» Activity
Transcribe the entries below word for word, beginning at the line with "Jagdliches Luxusmesser mit" and stopping after the line with "FBLA we're developing leaders. Register now."; drop all pictures.

» Data for the task
══════
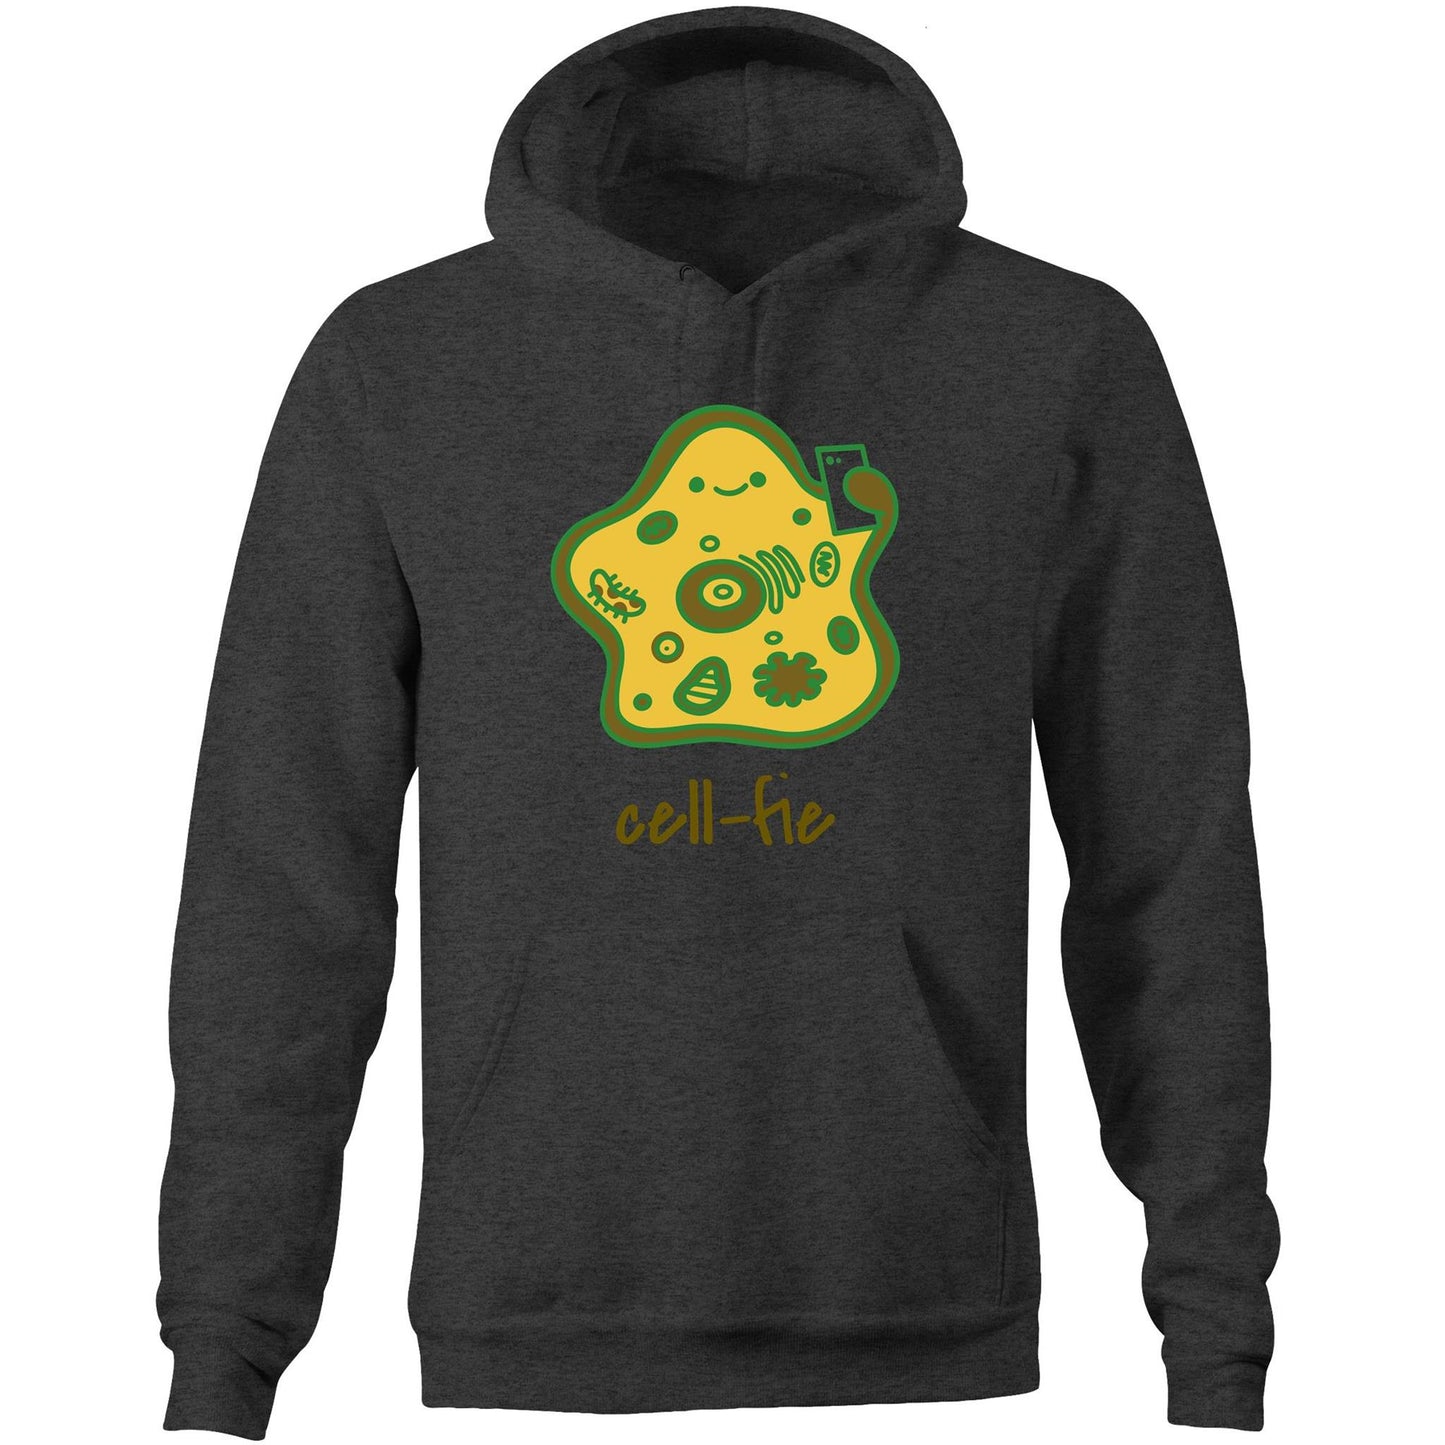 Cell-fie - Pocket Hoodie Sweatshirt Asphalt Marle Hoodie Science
══════
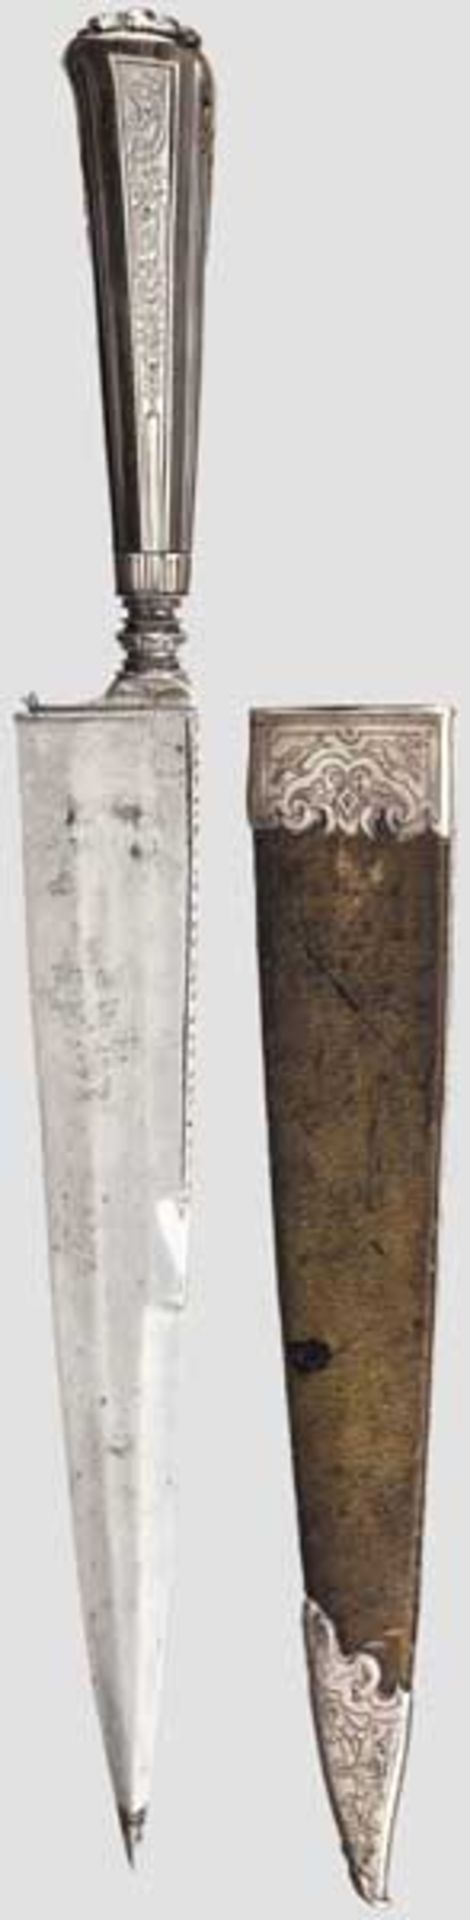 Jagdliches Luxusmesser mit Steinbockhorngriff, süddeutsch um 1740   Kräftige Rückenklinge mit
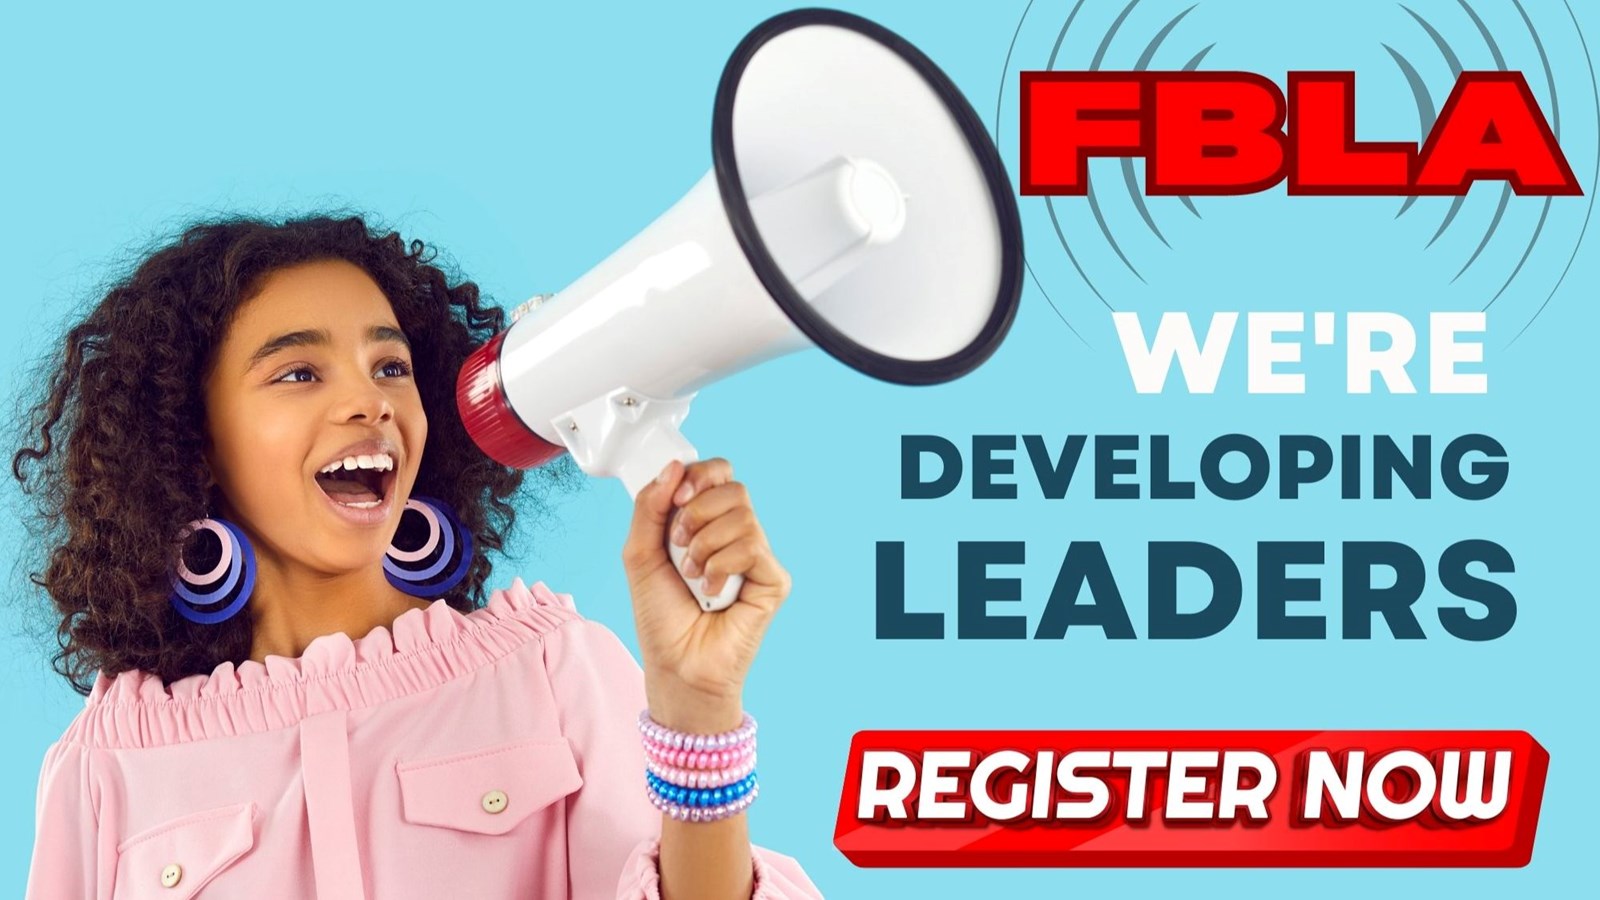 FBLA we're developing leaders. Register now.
══════
» Answer to this exercise
 Jagdliches Luxusmesser mit Steinbockhorngriff, süddeutsch um 1740   Kräftige Rückenklinge mit
 FBLA we're developing leaders. Register now.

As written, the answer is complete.